All statistical analyses were performed using the SPSS software version 19.0 (SPSS Inc., Chicago, IL, USA). A two-sided P<0.05 was considered statistically significant.
Results
Patient demographics and outcomes
A total of 119 advanced gastric cancer patients were eligible for this study; 87 were males and 32 were females. The median age was 59 years (range: 34–78 years). The median number of preoperative chemotherapy cycles was 3 (range: 1–7). During the period of preoperative chemotherapy, four (3.4%) patients received paclitaxel-based second-line chemotherapy regimens due to disease progression. All 119 patients underwent R0 resection with D2 or D2+ lymphadenectomy; among them, subtotal gastrectomy was performed for 56 (47.1%) patients and total gastrectomy was performed for 55 (46.2%) patients. Eight (6.7%) patients underwent combined resection, with distal pancreatectomy plus splenectomy for three, splenectomy for four, and partial transverse colon for one, respectively. Pathological TNM classifications after preoperative chemotherapy were as follows: eight patients showed no residual tumor in the resection specimens, ten patients had stage I disease, 27 patients had stage II disease, and 72 had stage III disease (Table 1).
Table 1.
Demographic and clinicopathological characteristics of 119 patients with advanced gastric cancer
| Parameters | Number (%) |
|---|---|
| Gender | |
| Male | 87 (73.1) |
| Female | 32 (26.9) |
| Age, years | |
| <65 | 83 (69.7) |
| ≥65 | 36 (30.3) |
| ECOG | |
| 0 | 49 (41.2) |
| 1, 2 | 70 (58.8) |
| Chemotherapy regimen | |
| XELOX | 30 (25.2) |
| FOLFOX | 48 (40.3) |
| SOX | 37 (31.1) |
| Othersa | 4 (3.4) |
| Cycle of chemotherapy, median (range) | 3 (1–7) |
| Primary tumor site | |
| Upper | 20 (16.8) |
| Middle | 27 (22.7) |
| Lower | 60 (50.4) |
| More than two sites | 12 (10.1) |
| Tumor size, cmb | |
| <4 | 41 (34.5) |
| ≥4 | 65 (54.6) |
| Gastrectomy | |
| Total | 55 (46.2) |
| Subtotal | 56 (47.1) |
| Combined resection | 8 (6.7) |
| Lymphadenectomy | |
| D2 | 84 (70.6) |
| D2+ | 35 (29.4) |
| Differentiationc | |
| Well | 23 (19.3) |
| Poorly | 86 (72.3) |
| Pathological TNM classificationd | |
| *yp T stagee | |
| T0 | 8 (6.7) |
| T1 | 4 (3.4) |
| T2 | 19 (16.0) |
| T3 | 0 (0) |
| T4 | 86 (72.3) |
| *yp N stage | |
| N0 | 32 (26.9) |
| N1N2N3 | 87 (73.1) |
| *yp TNM stagef | |
| T0N0M0 | 3 (2.5) |
| I | 10 (8.4) |
| II | 27 (22.7) |
| III | 72 (60.5) |
| Postoperative chemotherapyg | |
| Present | 100 (84.0) |
| Absent | 17 (14.3) |
Notes:
Others: including EOX, PS, EOF regimens.
Tumor size: eight patients found no residual tumor in the resection specimens, while data of five patients were not available.

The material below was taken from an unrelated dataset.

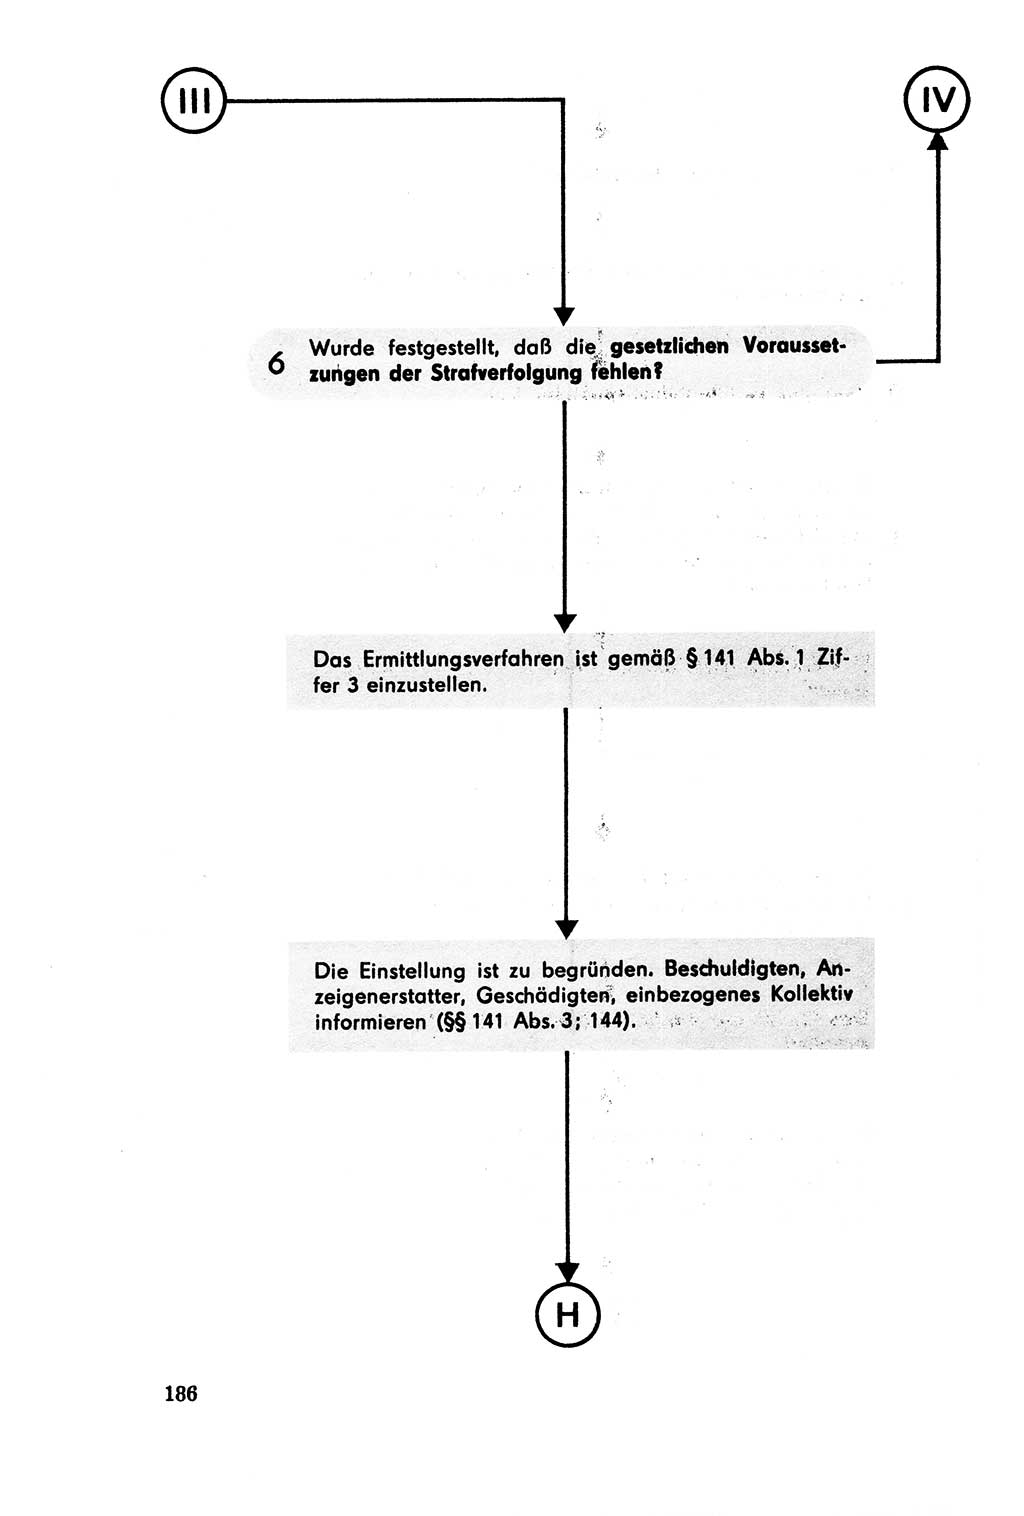 Der Abschluß des Ermittlungsverfahrens [Deutsche Demokratische Republik (DDR)] 1978, Seite 186 (Abschl. EV DDR 1978, S. 186)
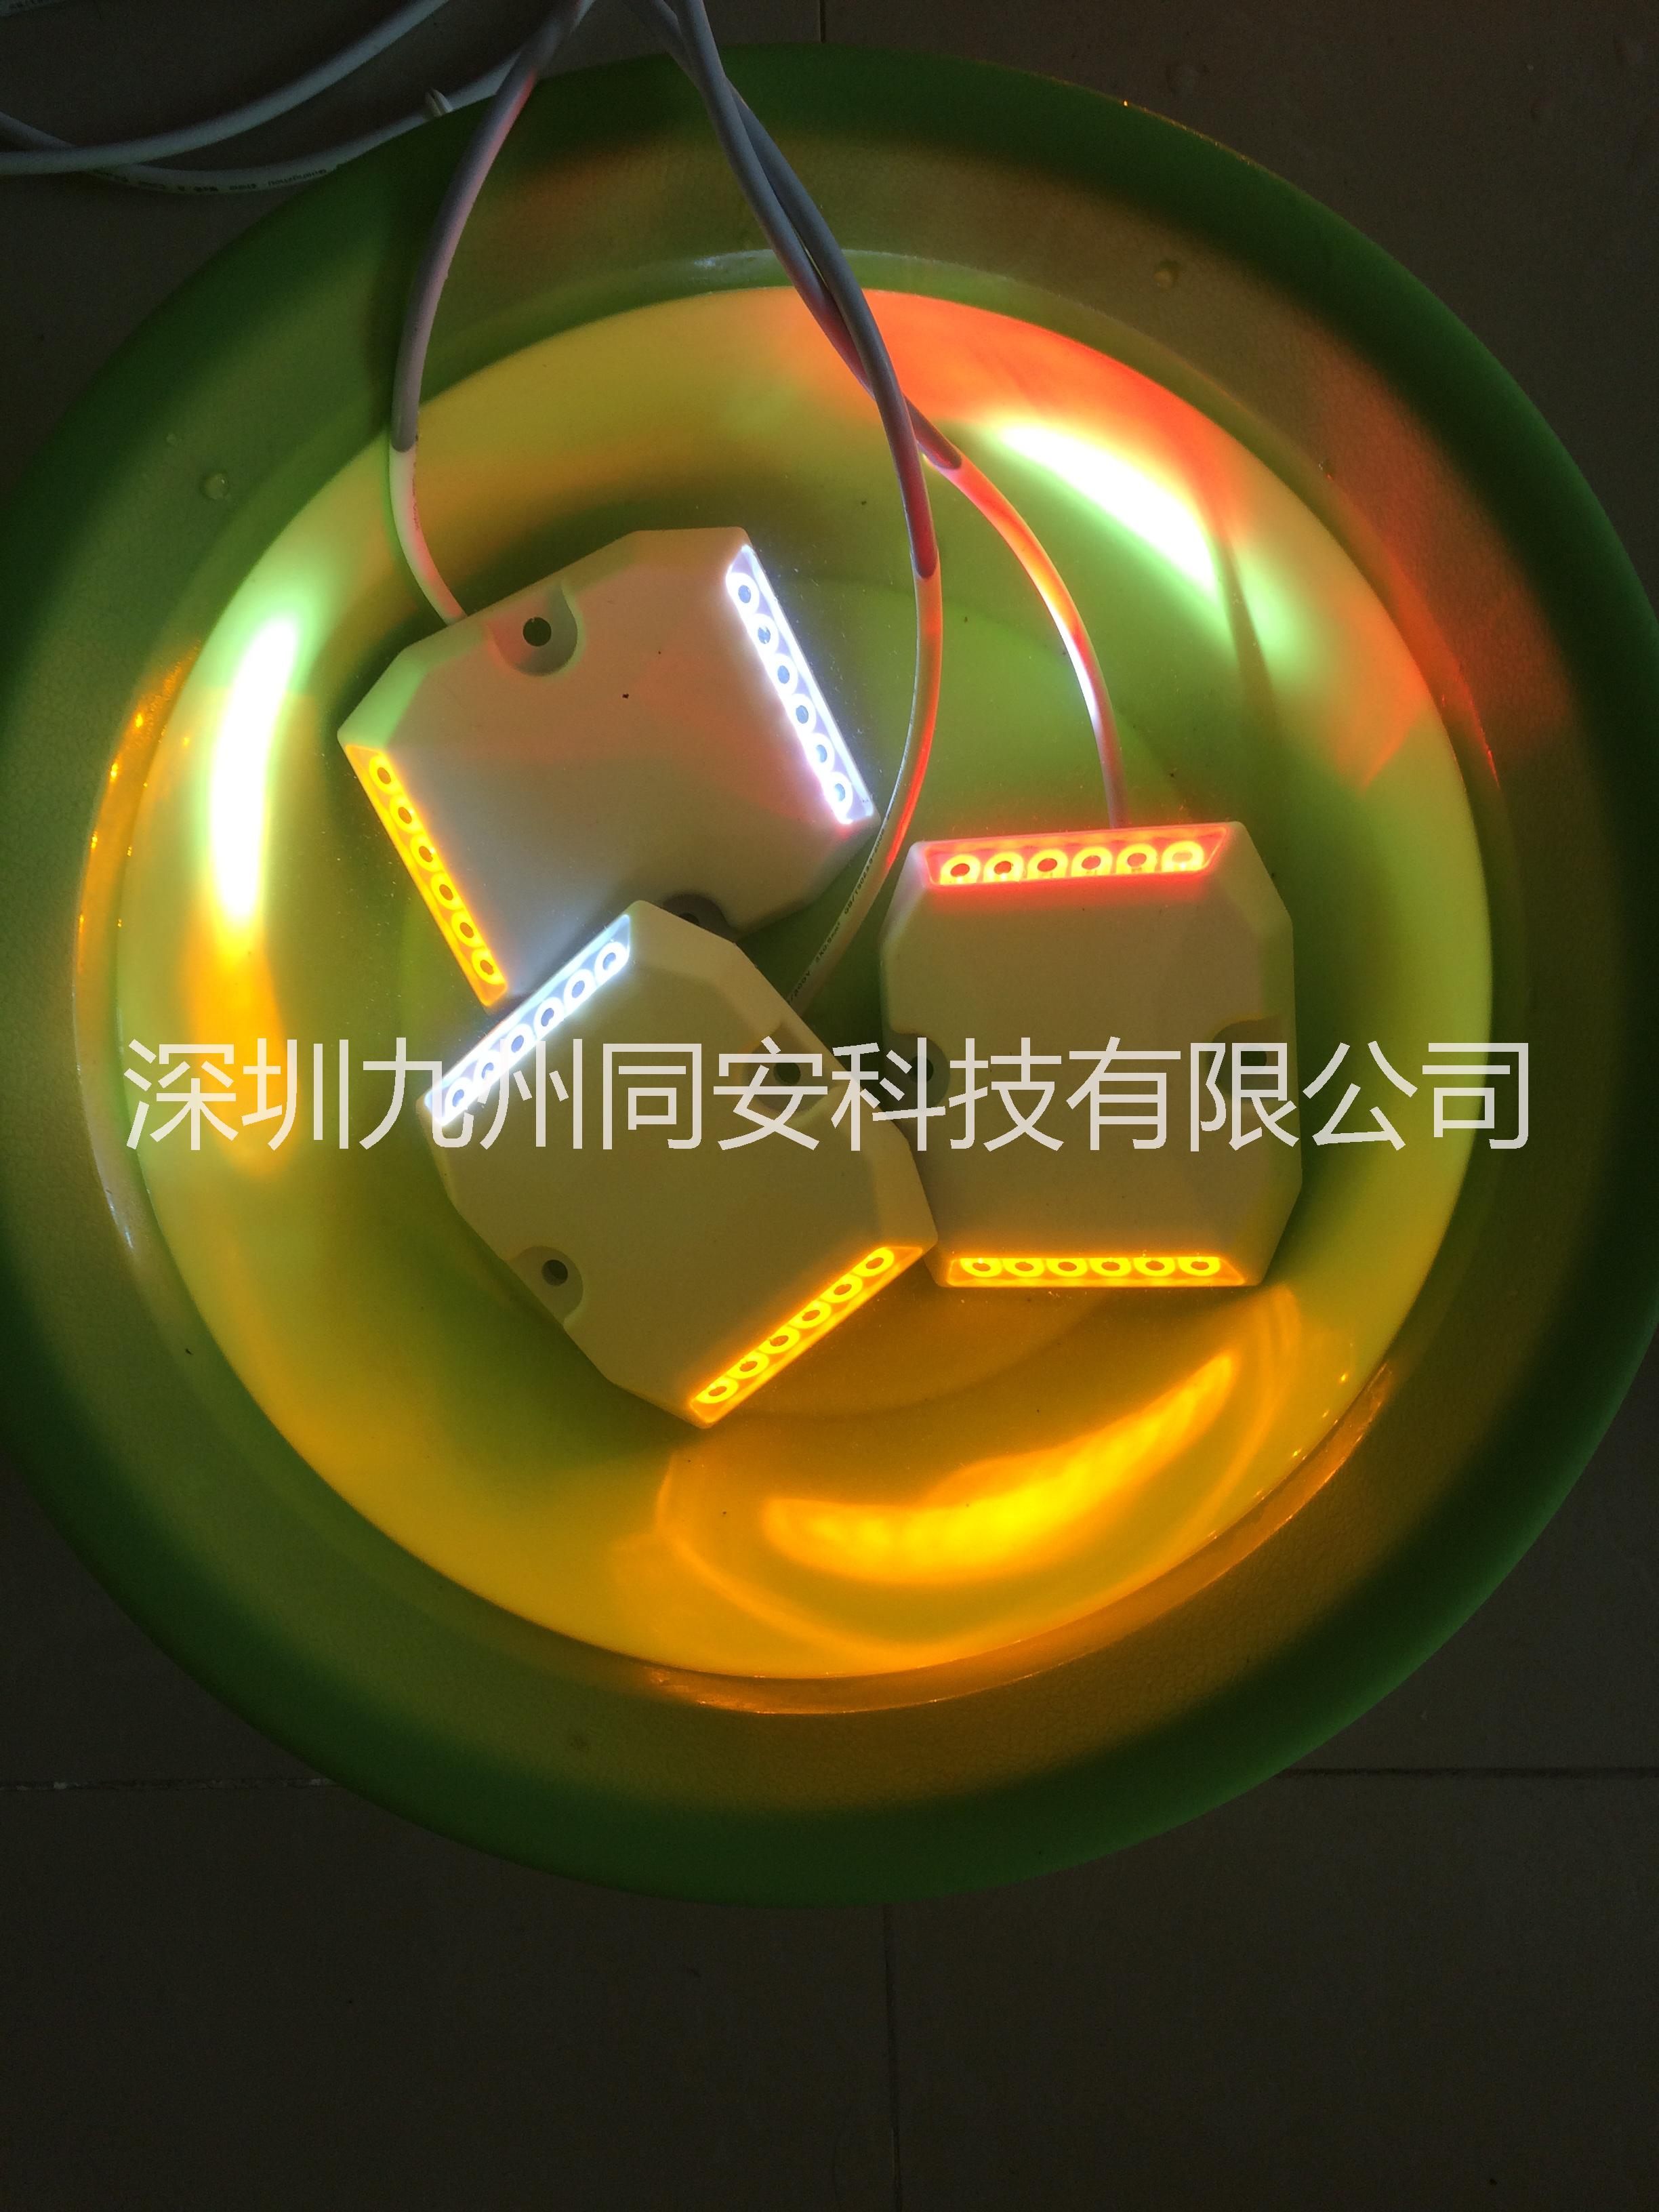 供应隧道诱导标，LED诱导标价格，隧道诱导灯厂家，深圳九州同安

Differentiation: well includes well- and moderately differentiated adenocarcinoma, poorly includes poorly differentiated adenocarcinoma, ring cell carcinoma, squamous carcinoma and mucinous adenocarcinoma. Eight patients found no residual tumor in the resection specimens, while data of two patients were not available.
American Joint Committee on Cancer, 7th edition.24
yp T stage: data of two patients were not available because rare tumor cells were residual.
yp TNM stage: seven patients could not be classified according to the 7th TNM classification, three patients were T0N1M0, two patients were T0N2M0 and two patients were TxN0M0.
Post-chemotherapy: data of two patients were not available.
Classification after preoperative chemotherapy.
Abbreviations: ECOG, Eastern Cooperative Oncology Group; TNM, tumor, node, metastasis; XELOX, oxaliplatin plus capecitabine; FOLFOX, oxaliplatin plus 5-fluorouracil plus leucovorin; SOX, oxaliplatin plus S-1.
Of 119 patients, the median follow-up time was 84 months; all patients fulfilled the 5-year follow-up. A total of 67 (56.3%) patients showed obvious recurrence that was confirmed radiologically or histologically, while 64 (53.8%) patients died during the follow-up period. The median RFS was 46 months (range: 5–134 months) and median OS was 61 months (range: 8–134 months). The 1-year, 3-year, and 5-year survival rates were 85.7%, 55.5%, and 44.5% for RFS and 95.0%, 61.3%, and 50.4% for OS, respectively (Figure 1A and B).
Figure 1.
(A) RFS and (B) OS of 119 advanced gastric cancer patients treated with preoperative chemotherapy and R0 resection.
Abbreviations: RFS, recurrence-free survival; OS, overall survival; Cum, cumulative.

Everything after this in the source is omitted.